La première sous-gouverneure, Mme Wilkins :

Merci, Monsieur le Gouverneur.

Comme bon nombre d’entre vous le savent, la publication semestrielle de la Revue du système financier a été la voie privilégiée par la Banque pendant plus d’une décennie pour communiquer ses analyses et ses recherches sur l’évolution de la stabilité du système financier. La crise financière nous a appris, de manière douloureuse, à quel point il est important de se tenir au courant des risques qui pèsent sur le système financier. Cet enseignement tiré de la crise est toujours valable aujourd’hui.

Je suis heureuse de vous faire part de certains changements que nous apporterons à notre façon de faire, lesquels visent à rendre plus accessibles et plus opportuns les travaux que la Banque effectue dans ce domaine. Premièrement, à l’automne, nous lancerons dans notre site Web un portail sur le système financier. Ce portail, dont la présentation attrayante visera un large public, proposera des analyses et des articles à jour sur les enjeux liés au système financier. Notre objectif : éviter que les Canadiens attendent la publication de la Revue sous sa forme actuelle pour bien comprendre l’évolution du système financier.

Deuxièmement, nous ne publierons la Revue plus qu’une fois par an, en juin. Cette décision tient compte du fait que les principales vulnérabilités qui pèsent sur le système financier canadien évoluent en général très lentement. Comme l’a indiqué le gouverneur, les trois grandes vulnérabilités, de même que le niveau de risque global, sont les mêmes que lors de la dernière livraison.

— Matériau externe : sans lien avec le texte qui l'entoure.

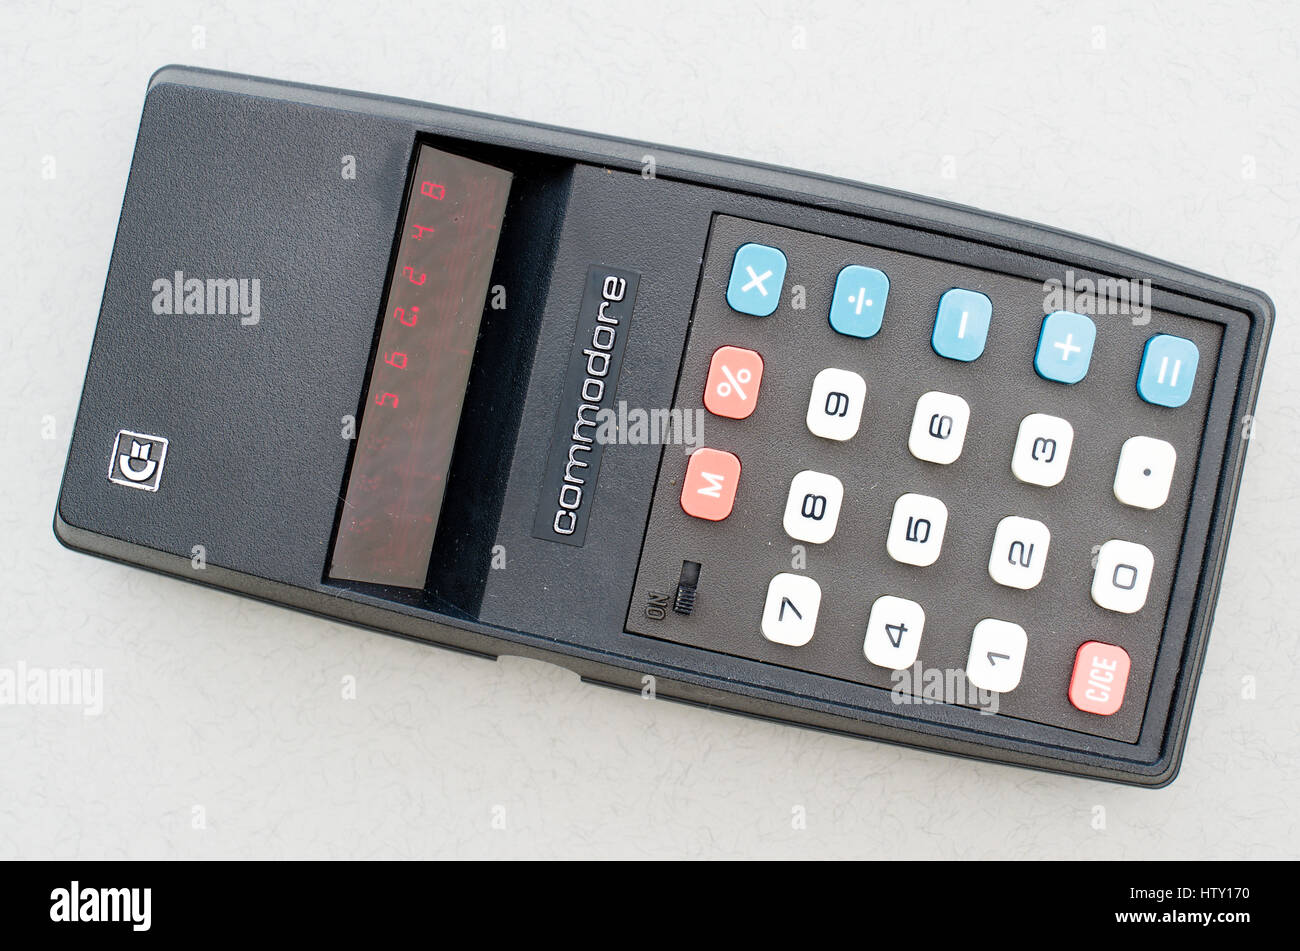 Old Commodore hand calculator Model 796M dating from the 1970s Stock Photo
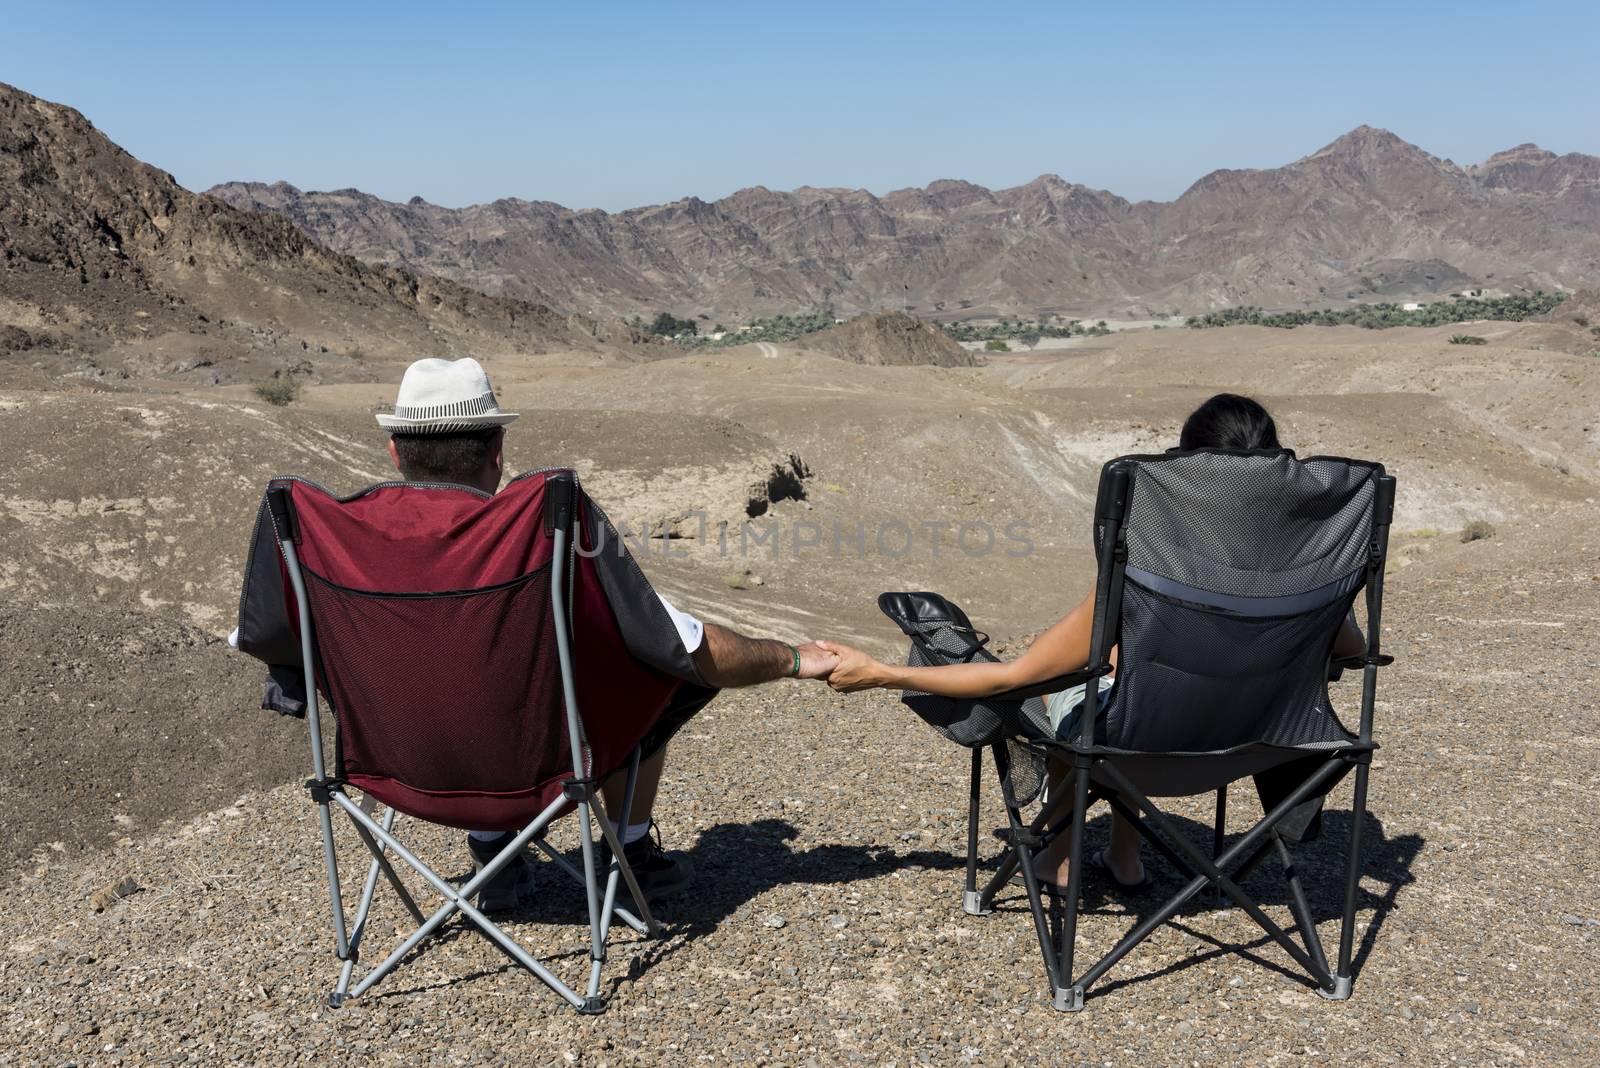 Couple in camping chairs over-looking a Wadi, mountains, in The United Arab Emirates

Troisièmement, chaque automne, un membre du Conseil de direction de la Banque prononcera un discours qui fera le point sur l’évolution des principales vulnérabilités du système financier et des principaux risques qui pèsent sur ce dernier. Ce discours tirera sa matière des analyses publiées sur la vitrine. Le concept s’apparente à celui des discours périodiques sur l’état de la situation économique que nous avons mis en place.

Nous profiterons aussi de nos livraisons trimestrielles du Rapport sur la politique monétaire pour analyser les enjeux pertinents liés au système financier qui influent sur les perspectives de croissance économique et d’inflation. En gros, nous modernisons nos communications relatives au système financier, ce qui nous permettra de faire preuve de plus de souplesse et de mieux faire connaître ces enjeux, comme ils le méritent.

Sur ce, le gouverneur Poloz et moi serons heureux de répondre à vos questions.